Last summer there was the free agent signing of Karl Alzner, giving the Canadiens what is currently one of the oldest defensive lineups in the league, and one that is severely lacking in mobility and offensive production. Between Weber, Alzner, Jeff Petry, Jordie Benn and David Schlemko the Canadiens will open this season with five defensemen age 30 or older. Together, they will take up nearly $22 million in salary cap space. That coincided with the trading of top prospect Mikhail Sergachev to Tampa Bay for Jonathan Drouin. The jury is still very much out on that trade but year one of the Drouin era in Montreal probably did not go as planned considering that Sergachev, an 18-year-old defenseman, finished the season just six points shy of Drouin’s offensive output.

Then there is the most recent move to trade Galchenyuk to the Arizona Coyotes for Domi.

This comes after years of not really being sure what to do with Galchenyuk. Through all of it, Galchenyuk still managed to produce at a consistent top-six level as a player you could pencil in for 20 goals and 50 points every year. Domi, who is only a few months younger than Galchenyuk and about $1 million cheaper under the cap, is coming off a two-year stretch that has seen him score 18 goals in more than 140 games.

Keep in mind that Galchenyuk has scored fewer than 18 goals in a single season just once over the past four years, and that when when he scored 17 during the 2016-17 season ... in only 61 games.

There are a lot of reasons to like Domi’s potential. There is reason to believe he could bounce back.

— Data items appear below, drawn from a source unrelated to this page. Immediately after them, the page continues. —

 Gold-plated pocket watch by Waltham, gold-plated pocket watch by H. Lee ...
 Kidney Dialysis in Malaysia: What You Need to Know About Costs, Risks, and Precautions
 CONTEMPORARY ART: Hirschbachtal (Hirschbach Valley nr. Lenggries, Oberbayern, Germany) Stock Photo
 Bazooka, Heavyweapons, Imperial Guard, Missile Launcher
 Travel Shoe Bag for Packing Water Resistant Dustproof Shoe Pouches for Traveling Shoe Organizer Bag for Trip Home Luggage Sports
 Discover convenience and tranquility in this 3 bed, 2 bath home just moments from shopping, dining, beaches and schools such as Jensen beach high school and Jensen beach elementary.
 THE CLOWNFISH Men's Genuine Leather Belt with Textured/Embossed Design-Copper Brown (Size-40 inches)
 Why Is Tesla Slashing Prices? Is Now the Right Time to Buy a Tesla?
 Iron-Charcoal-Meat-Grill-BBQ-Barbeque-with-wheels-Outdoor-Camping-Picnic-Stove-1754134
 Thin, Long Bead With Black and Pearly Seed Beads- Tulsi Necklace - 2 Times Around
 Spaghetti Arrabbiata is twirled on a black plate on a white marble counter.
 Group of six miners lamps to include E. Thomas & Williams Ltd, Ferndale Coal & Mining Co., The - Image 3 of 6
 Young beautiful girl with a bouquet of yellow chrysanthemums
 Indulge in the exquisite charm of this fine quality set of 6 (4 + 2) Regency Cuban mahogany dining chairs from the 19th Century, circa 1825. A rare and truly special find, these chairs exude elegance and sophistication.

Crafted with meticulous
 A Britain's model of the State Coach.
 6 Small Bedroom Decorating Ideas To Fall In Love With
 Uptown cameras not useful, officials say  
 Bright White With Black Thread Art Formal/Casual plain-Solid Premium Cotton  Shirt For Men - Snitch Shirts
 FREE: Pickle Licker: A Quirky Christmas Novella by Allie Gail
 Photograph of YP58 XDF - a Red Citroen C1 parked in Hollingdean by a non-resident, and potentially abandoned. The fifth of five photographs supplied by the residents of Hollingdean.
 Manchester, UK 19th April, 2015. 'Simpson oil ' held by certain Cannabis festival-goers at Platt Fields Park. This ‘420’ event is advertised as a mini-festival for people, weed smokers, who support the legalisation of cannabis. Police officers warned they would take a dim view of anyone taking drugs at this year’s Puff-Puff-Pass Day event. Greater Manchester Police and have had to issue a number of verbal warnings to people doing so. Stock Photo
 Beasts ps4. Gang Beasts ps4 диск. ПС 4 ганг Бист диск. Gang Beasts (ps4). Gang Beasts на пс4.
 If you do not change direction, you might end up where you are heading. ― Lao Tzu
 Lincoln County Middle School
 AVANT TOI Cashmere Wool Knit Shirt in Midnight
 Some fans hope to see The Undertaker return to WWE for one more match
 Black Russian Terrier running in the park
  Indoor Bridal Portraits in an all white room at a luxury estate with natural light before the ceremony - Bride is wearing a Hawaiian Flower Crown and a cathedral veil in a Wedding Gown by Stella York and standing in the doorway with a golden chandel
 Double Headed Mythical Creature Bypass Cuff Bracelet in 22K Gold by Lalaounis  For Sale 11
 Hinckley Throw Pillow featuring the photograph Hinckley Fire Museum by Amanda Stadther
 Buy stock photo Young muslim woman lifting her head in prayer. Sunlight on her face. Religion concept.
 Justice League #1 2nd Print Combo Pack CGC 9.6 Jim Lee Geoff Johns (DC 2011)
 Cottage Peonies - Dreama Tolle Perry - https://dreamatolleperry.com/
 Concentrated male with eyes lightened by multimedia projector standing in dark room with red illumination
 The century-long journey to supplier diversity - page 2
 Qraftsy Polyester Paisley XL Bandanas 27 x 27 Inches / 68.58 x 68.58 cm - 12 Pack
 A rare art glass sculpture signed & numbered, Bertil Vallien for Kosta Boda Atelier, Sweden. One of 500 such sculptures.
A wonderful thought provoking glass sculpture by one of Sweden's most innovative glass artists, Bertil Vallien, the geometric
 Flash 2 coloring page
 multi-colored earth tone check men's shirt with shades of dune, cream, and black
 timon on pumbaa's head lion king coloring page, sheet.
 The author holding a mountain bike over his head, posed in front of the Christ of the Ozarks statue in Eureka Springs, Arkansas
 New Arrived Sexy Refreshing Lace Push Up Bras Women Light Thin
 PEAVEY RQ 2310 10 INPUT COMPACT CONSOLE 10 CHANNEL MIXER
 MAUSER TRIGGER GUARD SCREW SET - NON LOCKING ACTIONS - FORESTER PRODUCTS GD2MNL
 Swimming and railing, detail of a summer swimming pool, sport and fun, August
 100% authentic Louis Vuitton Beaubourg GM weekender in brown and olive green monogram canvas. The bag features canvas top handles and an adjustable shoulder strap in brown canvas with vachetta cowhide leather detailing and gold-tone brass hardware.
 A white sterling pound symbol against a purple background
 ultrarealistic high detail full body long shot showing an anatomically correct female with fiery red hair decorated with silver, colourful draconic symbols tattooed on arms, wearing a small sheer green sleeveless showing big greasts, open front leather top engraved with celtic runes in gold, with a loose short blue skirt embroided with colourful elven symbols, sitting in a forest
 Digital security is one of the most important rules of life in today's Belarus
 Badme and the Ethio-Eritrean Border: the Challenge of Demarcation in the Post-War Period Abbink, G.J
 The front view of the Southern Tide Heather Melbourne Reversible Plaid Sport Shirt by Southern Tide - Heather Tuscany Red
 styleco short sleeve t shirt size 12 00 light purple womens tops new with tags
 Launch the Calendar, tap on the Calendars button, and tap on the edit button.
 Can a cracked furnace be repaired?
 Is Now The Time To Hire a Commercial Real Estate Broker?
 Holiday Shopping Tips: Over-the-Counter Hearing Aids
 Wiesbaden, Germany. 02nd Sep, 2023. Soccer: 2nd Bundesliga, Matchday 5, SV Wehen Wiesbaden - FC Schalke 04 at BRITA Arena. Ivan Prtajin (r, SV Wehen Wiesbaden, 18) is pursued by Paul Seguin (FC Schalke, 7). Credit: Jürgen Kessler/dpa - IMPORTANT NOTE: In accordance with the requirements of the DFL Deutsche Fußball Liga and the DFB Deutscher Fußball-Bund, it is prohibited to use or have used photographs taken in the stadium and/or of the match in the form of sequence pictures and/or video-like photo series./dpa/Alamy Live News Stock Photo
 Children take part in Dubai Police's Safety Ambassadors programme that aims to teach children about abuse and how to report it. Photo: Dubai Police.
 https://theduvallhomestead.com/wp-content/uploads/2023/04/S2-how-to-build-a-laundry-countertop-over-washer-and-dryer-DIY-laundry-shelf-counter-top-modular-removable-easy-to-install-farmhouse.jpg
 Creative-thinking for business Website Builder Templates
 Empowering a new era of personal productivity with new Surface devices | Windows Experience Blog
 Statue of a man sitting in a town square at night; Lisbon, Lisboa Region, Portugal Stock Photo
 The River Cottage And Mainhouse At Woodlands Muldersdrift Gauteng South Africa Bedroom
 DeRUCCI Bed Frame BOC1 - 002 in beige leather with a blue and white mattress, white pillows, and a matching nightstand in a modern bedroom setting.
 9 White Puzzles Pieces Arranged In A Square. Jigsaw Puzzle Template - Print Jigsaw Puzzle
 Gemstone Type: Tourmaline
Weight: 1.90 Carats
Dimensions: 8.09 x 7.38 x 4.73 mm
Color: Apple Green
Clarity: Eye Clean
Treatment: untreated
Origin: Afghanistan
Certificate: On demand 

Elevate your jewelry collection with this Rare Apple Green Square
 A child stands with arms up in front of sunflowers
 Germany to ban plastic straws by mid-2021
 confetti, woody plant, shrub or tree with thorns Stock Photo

It is, however, not a given and the question yet again must be asked ... how are the Canadiens better after this?

The answer, yet again, seems to be that they really aren’t.

And this has pretty much been the story of the Marc Bergevin era in Montreal: They’re not really that much worse, but they’re not really that much better.

Most of the trades (here is the full list) are inconsequential that don’t really hurt or help either team involved. But when it comes to the big moves involving the key players they all seem to end up making the Canadiens marginally worse or leave them in a slightly worse situation, whether it be from a talent perspective, a salary cap perspective, or some combination of the two.

None of them have really been a complete disaster (though, the Subban-for-Weber swap could drift that way depending how Weber ages in the coming years), but none of them have really done anything to improve the situation. Perhaps even more than the actual results is the thought process behind the moves, where grit and size seems to take precedence over skill and talent. It has left them with a mediocre team that lacks goal-scorers and skill and has committed an awful lot of money to get older and less skilled.

No general manager is perfect. Mistakes will happen and they will make bad evaluations from time to time. But when those little mistakes keep happening over and over again they eventually add up into one big mistake that leaves you in a hole that is difficult to get out of.

This should be concerning for Canadiens fans when they realize Pacioretty could be traded. Or that the Canadiens are open to potentially trading the No. 3 pick this year. It is entirely possible one or both could get moved in the coming days.

If history is any indicator it probably won’t be a total disaster. But it probably won’t be great, either.